Though we don’t know exactly when Paul Gauguin created this self-portrait, in its background you can see the details of the painting "Ondine (In the Waves)", painted in 1889. This suggests that the artist created his self-portrait after completing the painting of the seductive red-haired mermaid, but experts still differ in their assessments. Some of them believe that the portrait was created in 1893, when the artist returned from his first trip to Tahiti.

This assumption is not groundless. In this self-portrait he depicted himself as a sad and disappointed man whose earthy-coloured face sharply contrasted with the bright background. In 1893, returning to France, the artist brought along his best paintings of idyllic landscapes and beautiful native women. Gauguin was confident of his future triumph, but the homeland met him unfriendly. The exhibition of paintings Gauguin had high hopes for, appeared to be a failure: journalists and critics used abusive language and derogatory epithets towards the artist and his works. To make things still worse, Gauguin's wife refused to talk to him and put him out of the house. Insulted and humiliated, the artist left France for good and lived the rest of his life on his favourite islands.

What makes this painting even more interesting is that its composition and mood are similar to those of the last self-portrait of Gauguin, created shortly before his death in 1903. In both paintings one can feel the artist's fatigue from life and disappointment in it (or, probably, in himself). But if in the first work Gauguin still plays with the public, giving his appearance a favourite filibuster infernality, the last portrait has nothing to do with the image of the rebel.
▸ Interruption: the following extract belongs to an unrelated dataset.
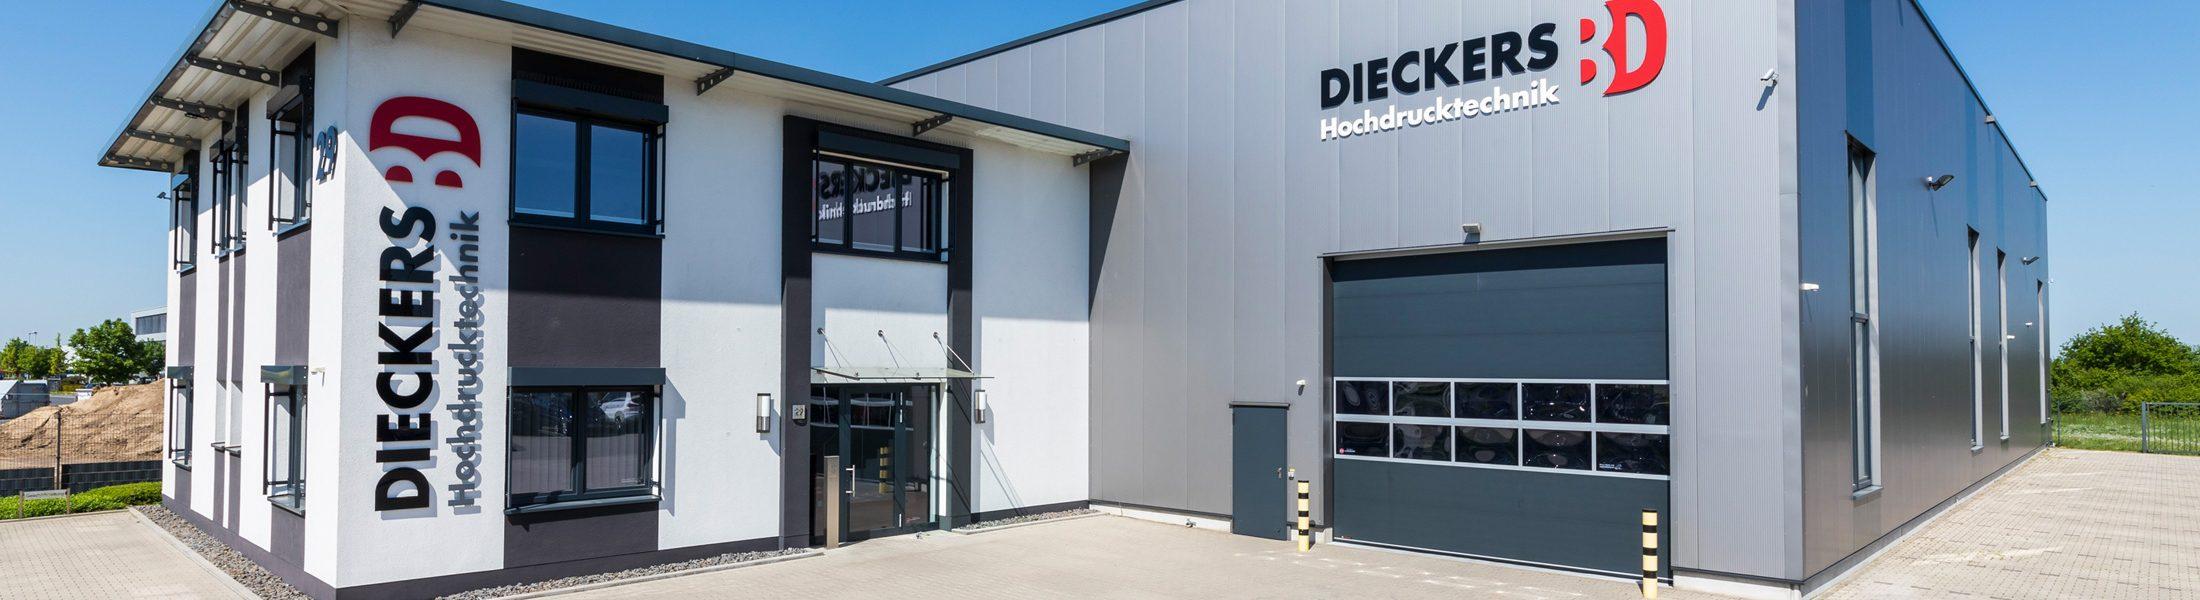 Firmengebäude Dieckers GmbH & CO. KG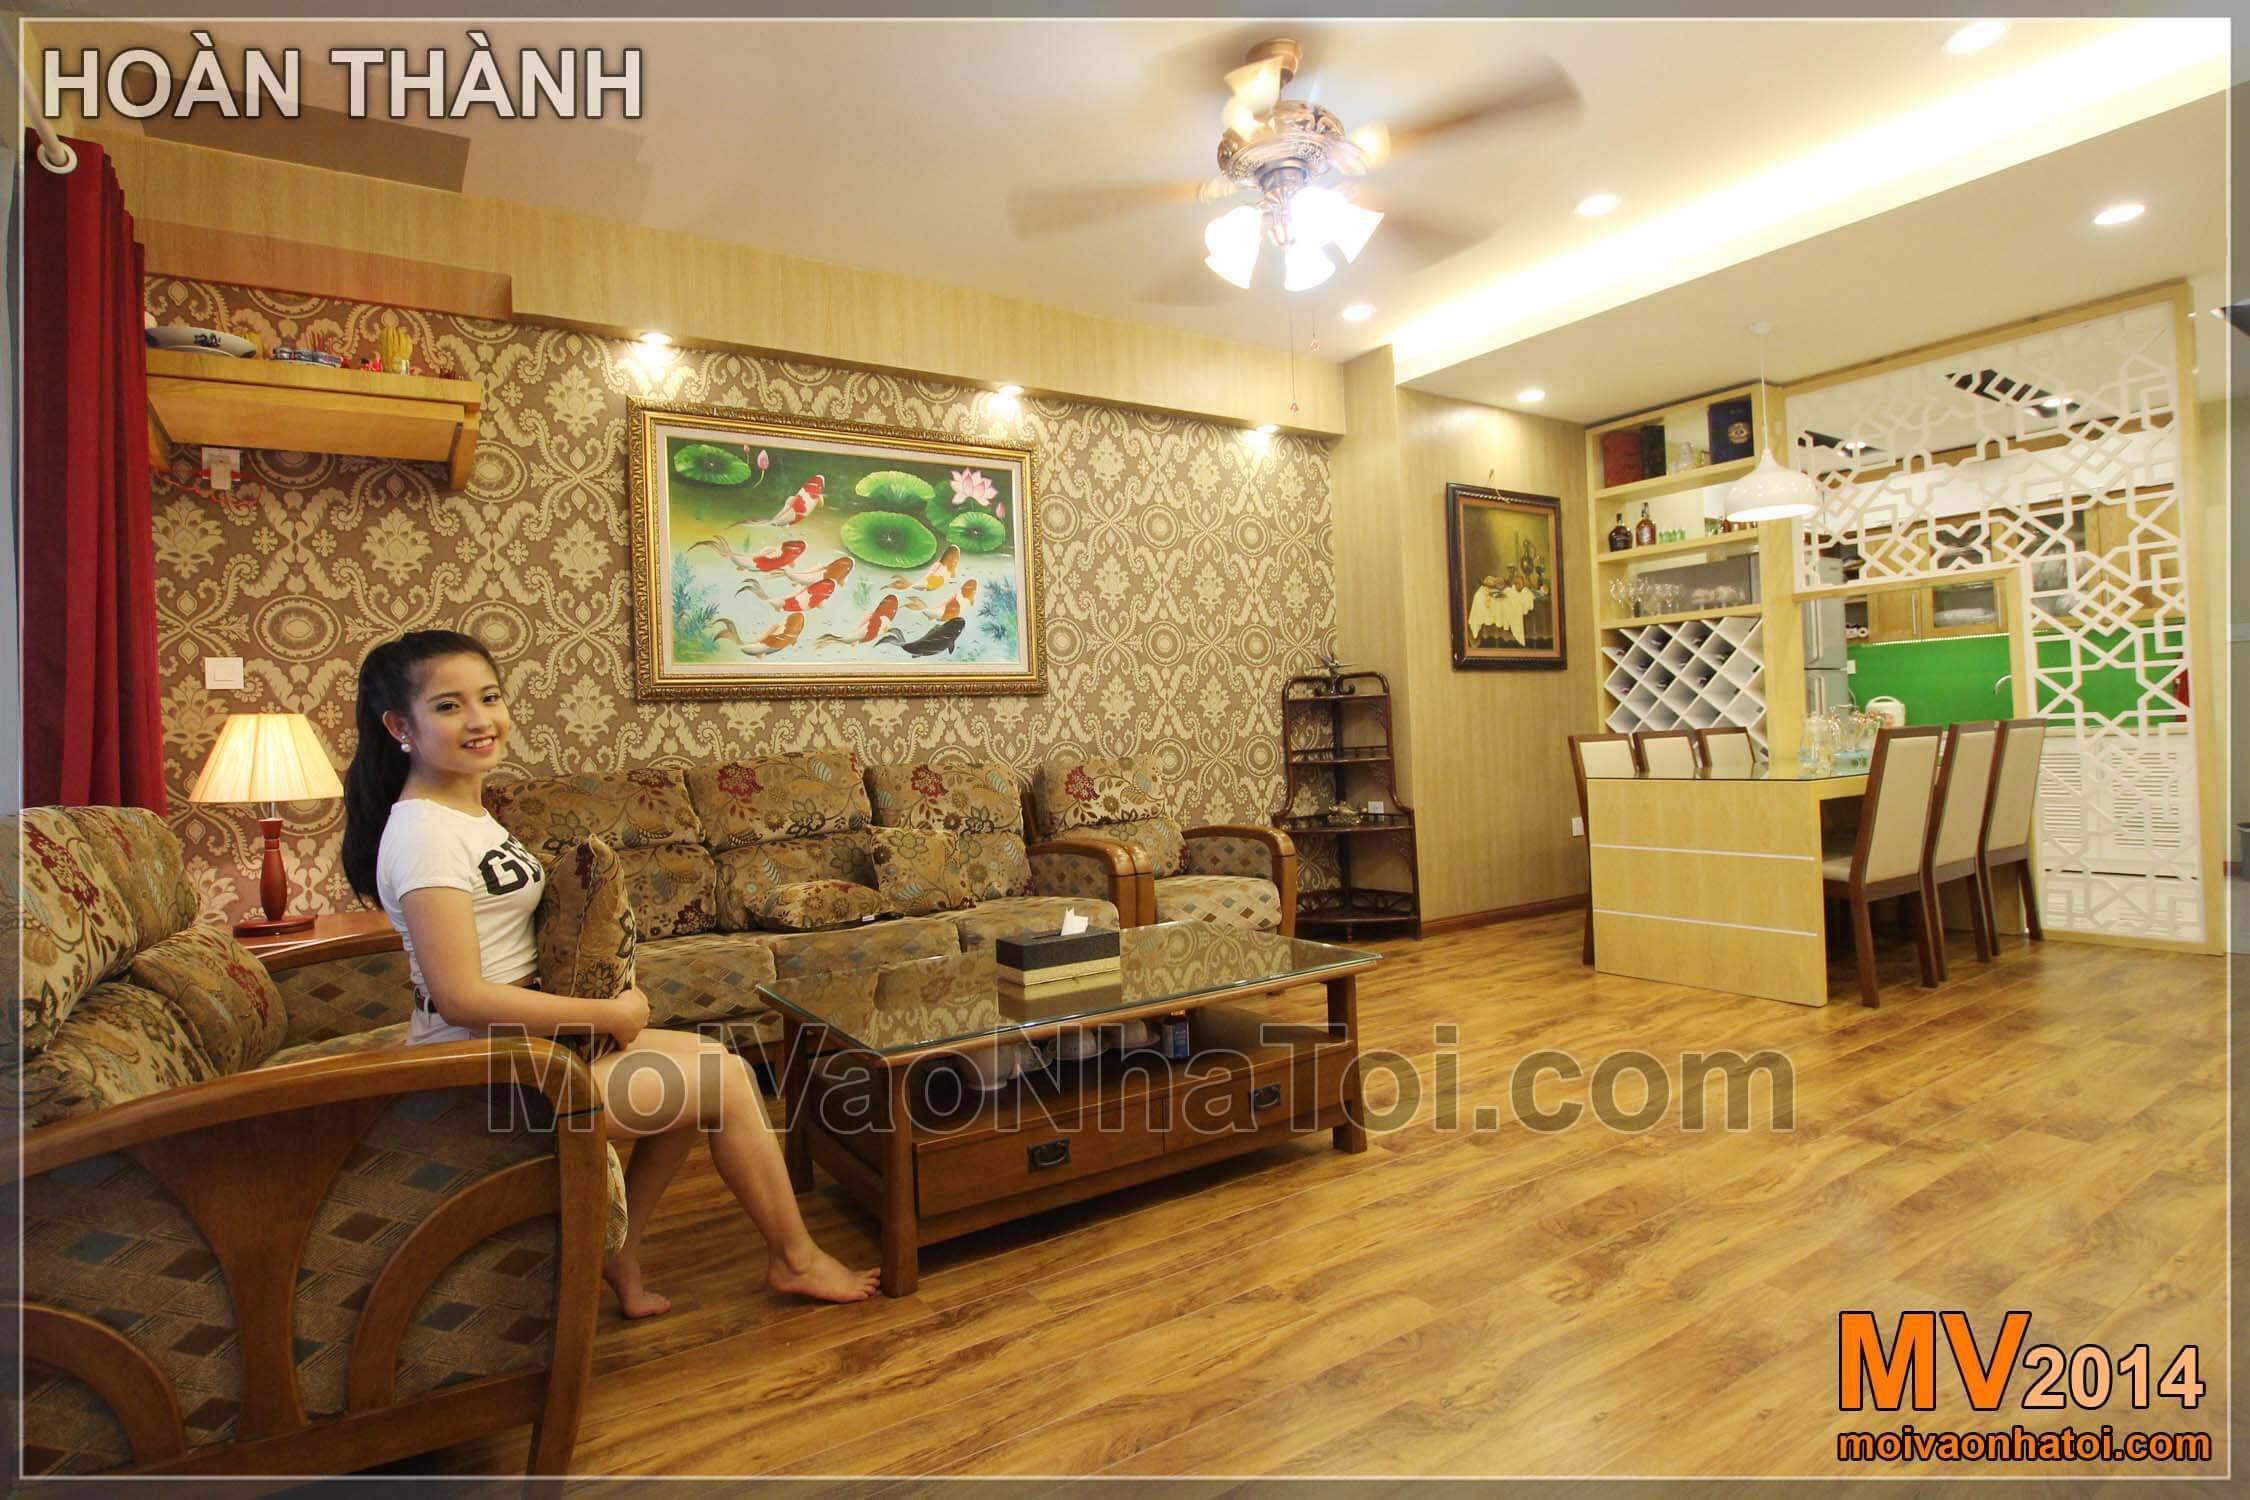 Chung cư Star City Nội thất phòng khách với ánh sáng và tông màu ấm

During his life, Paul Gauguin produced dozens of self-portraits, most of which reflected and supplemented his ideas about himself as a "savage," a man from another world, a man of quite a different breed. In some of his works the artist goes even further: he lent his own features to the face of Christ in the Garden of Gethsemane, and later he would paint a self-portrait with the halo. Almost each of his self-portraits seems to throw the viewers a challenge and invites them to play the game without rules.